I appreciate it. We had a good time in China. So, at least for now, if we take China at their word, they're not helping Iran. But it's this waiting game for economic fury to play out. And then how do you see wrap that into how the equity mark, you know, okay, we've been down for three straight days, but we're still close to record. So, sort of how do you reconcile the short term versus the long-term picture?
>> I think it's a big bowl of spaghetti that's hard to unwind, right? I think Jackie is right. Duration always mattered here. You pointed it out. It's funny. I was looking at the oil futures chart as you were saying it. We now have an eight handle out to February and March of 2027. So, >> wait, so does that mean I win the bet?

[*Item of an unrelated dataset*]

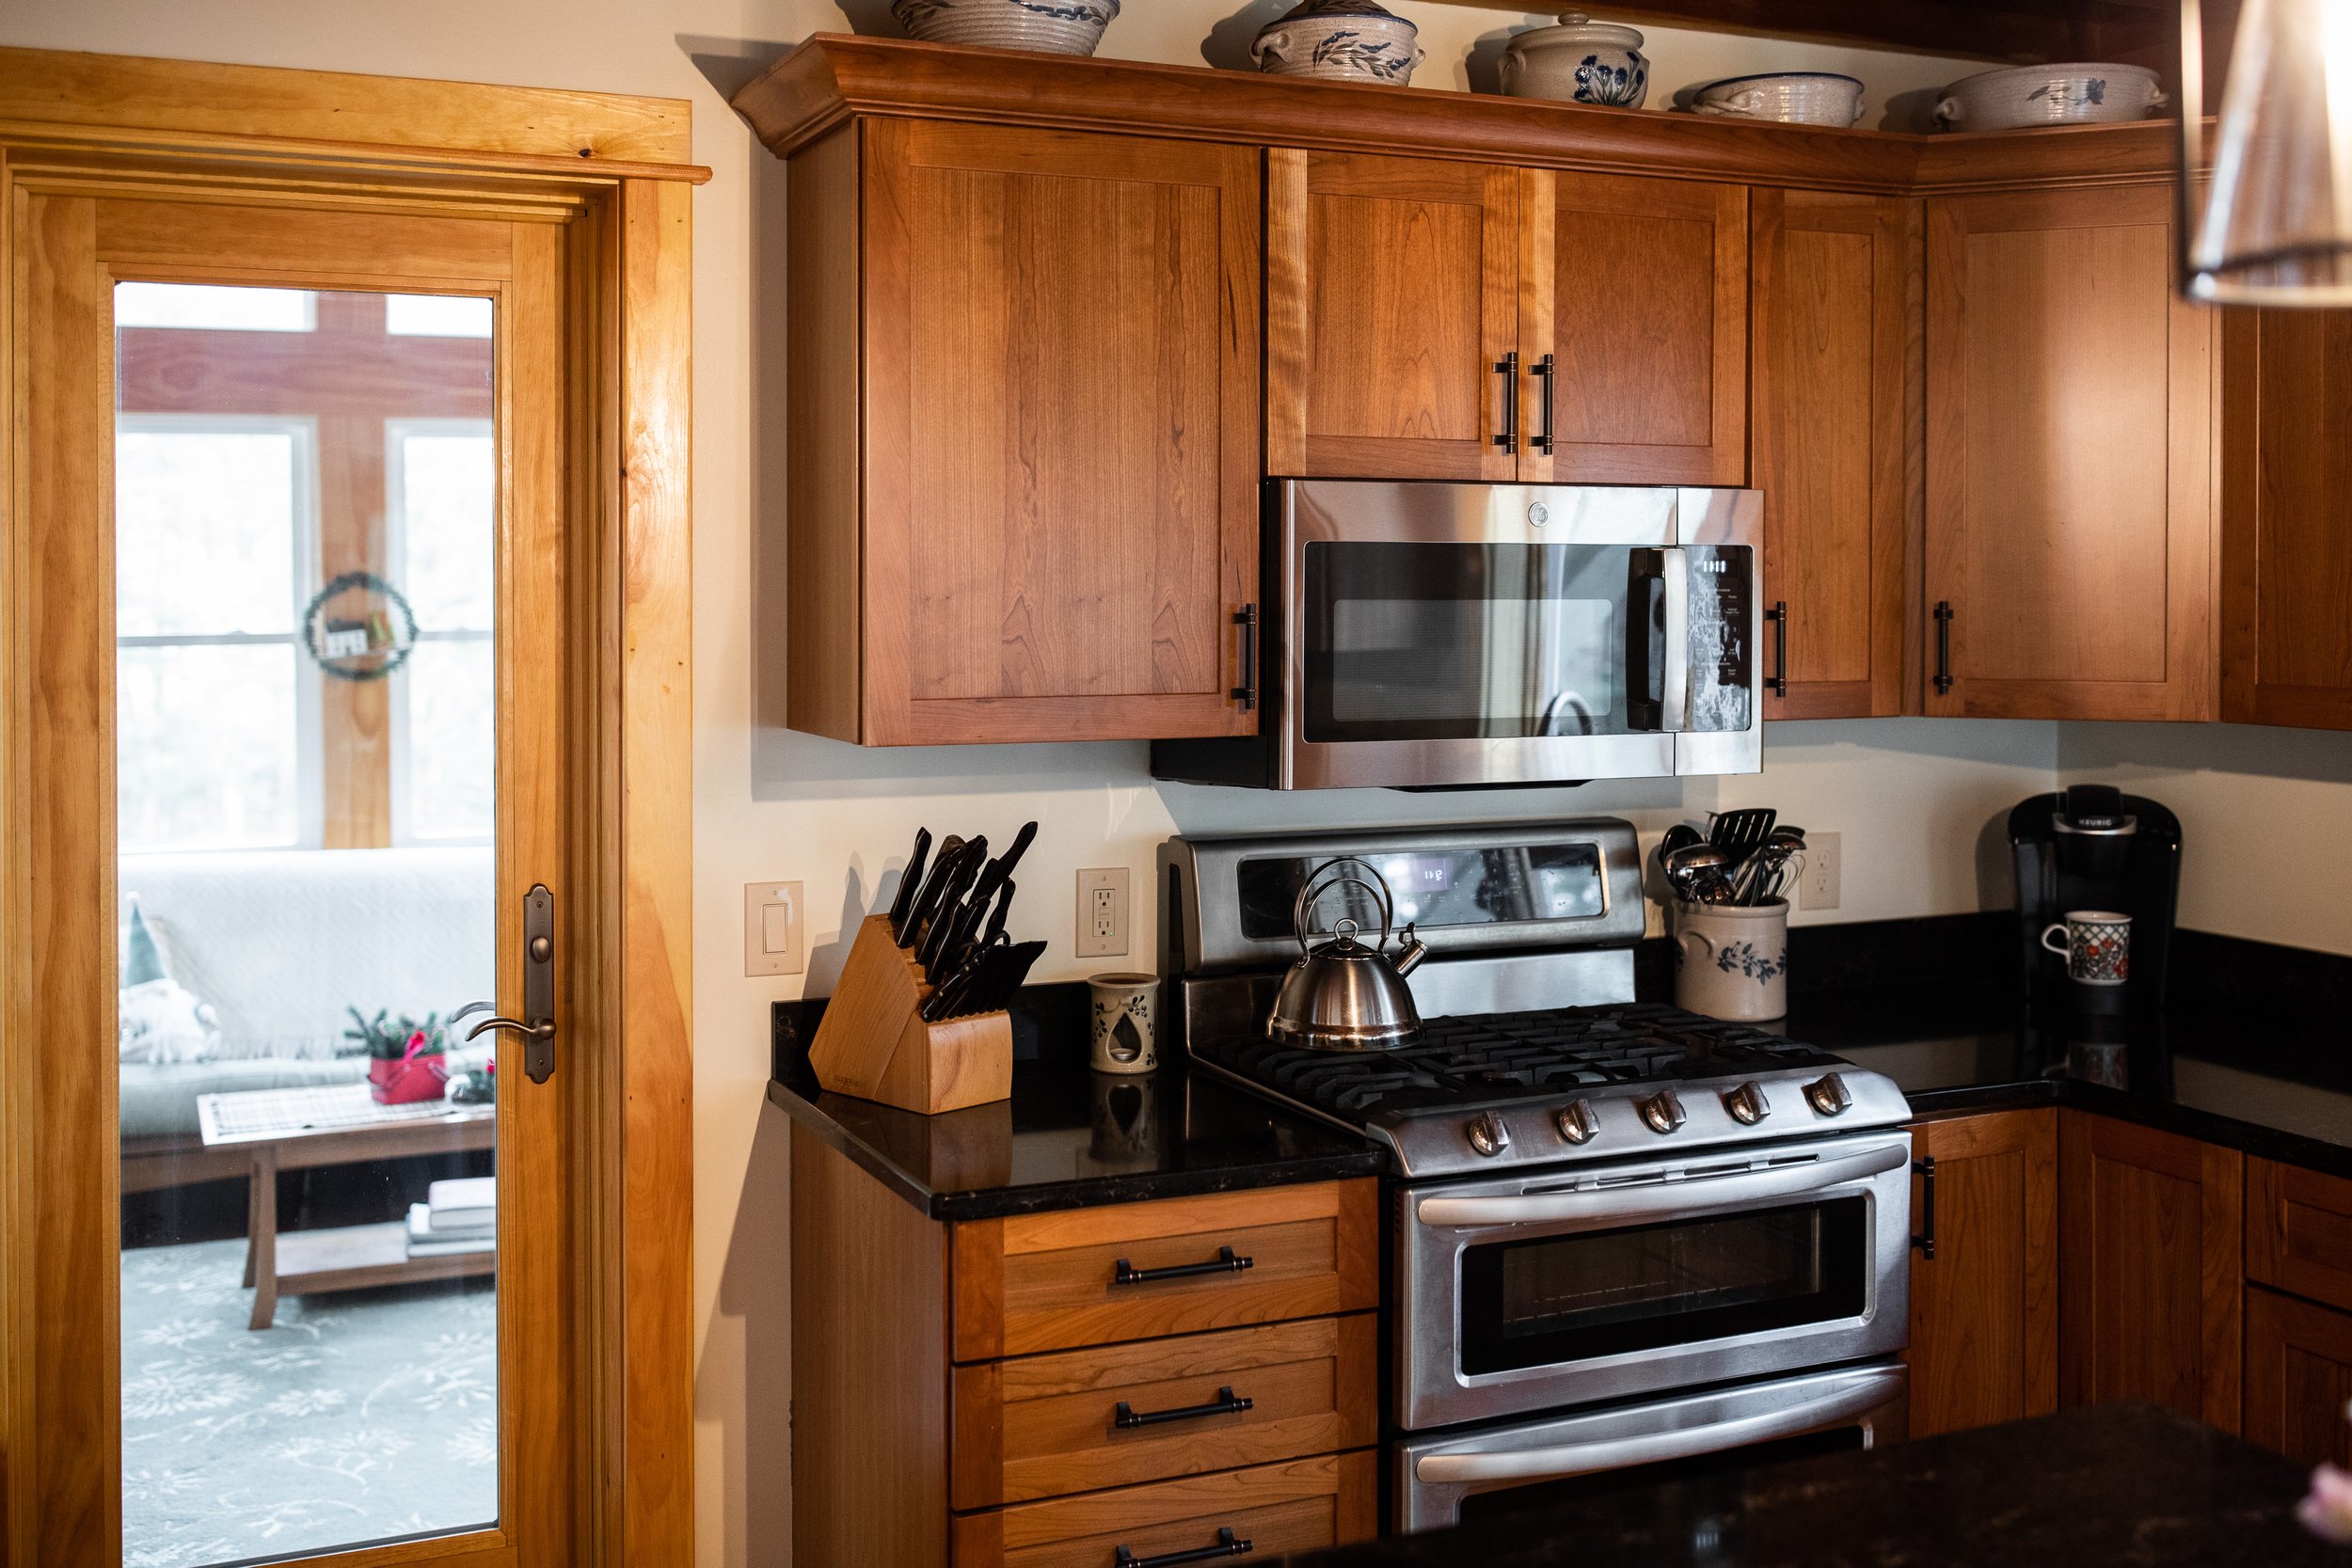 Credible Construction - Barrington New Hampshire Kitchen Renovation-93.jpg

Remember, what was our bet?
>> The temperature is 90. So, I don't know if we get a if we get a pullback and settlement this weekend, we might win.
We bet that oil prices where they would match the temperature in New York. What month? May or June? I think you were July.

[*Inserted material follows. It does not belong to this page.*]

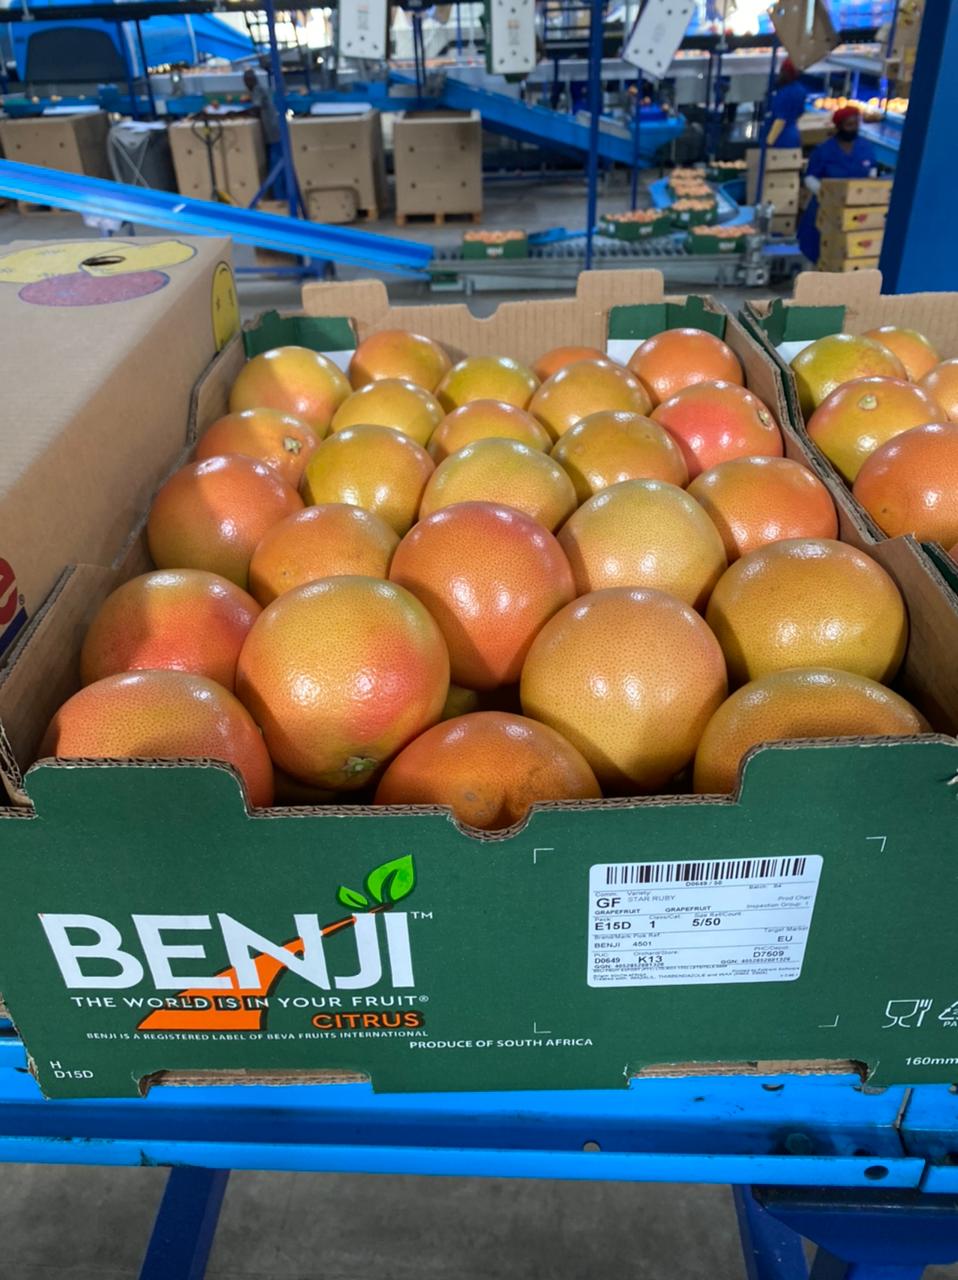 Box of grapefruits being shipped by Benji - Beva Fruits International (BFI)

>> But we digress to pull it all together.
I think there's two things. It's a double whammy. There's wellfounded inflation fears because oil is now staying pushed up higher prices out and and Dan just shared a master class in understanding the term premium that investors are demanding now. So those two things are coming together and it's going to be a pressure point for the markets. I think the markets haven't collapsed yet for one reason and one reason only. Earnings have been unbelievably strong. Six quarters in a row of double digit growth. But that's the equivalent of how long can the consumer and these corporations hold the the bag for the markets and for the government. And I don't know that they can do that indefinitely.
>> Can I add a China comment? Yeah. You've also got this summit with Shei going, I'm sorry, Putin going over to see Shei.
This is after President Trump obviously had his summit last week. And I there's some concern for me there because it reminds me that some of these comments that are being made about Iran to the president potentially from a nation that has made promises before that it hasn't kept and it doesn't follow through with who now is is meeting um with another kind of evil world leader. And and I'm wondering what those conversations are going to be about and Putin possibly in my mind begging him and saying, "Don't buy oil from the United States. Buy more oil oil from us." Um and and kind of throwing a wrench in things. So, you know, I understand that everybody can talk to whoever they want to talk to, but the timing on this to me is a little odd. And you know, we don't trust China.
I never trust them. So, I see something like this and I take it all with a grain of salt.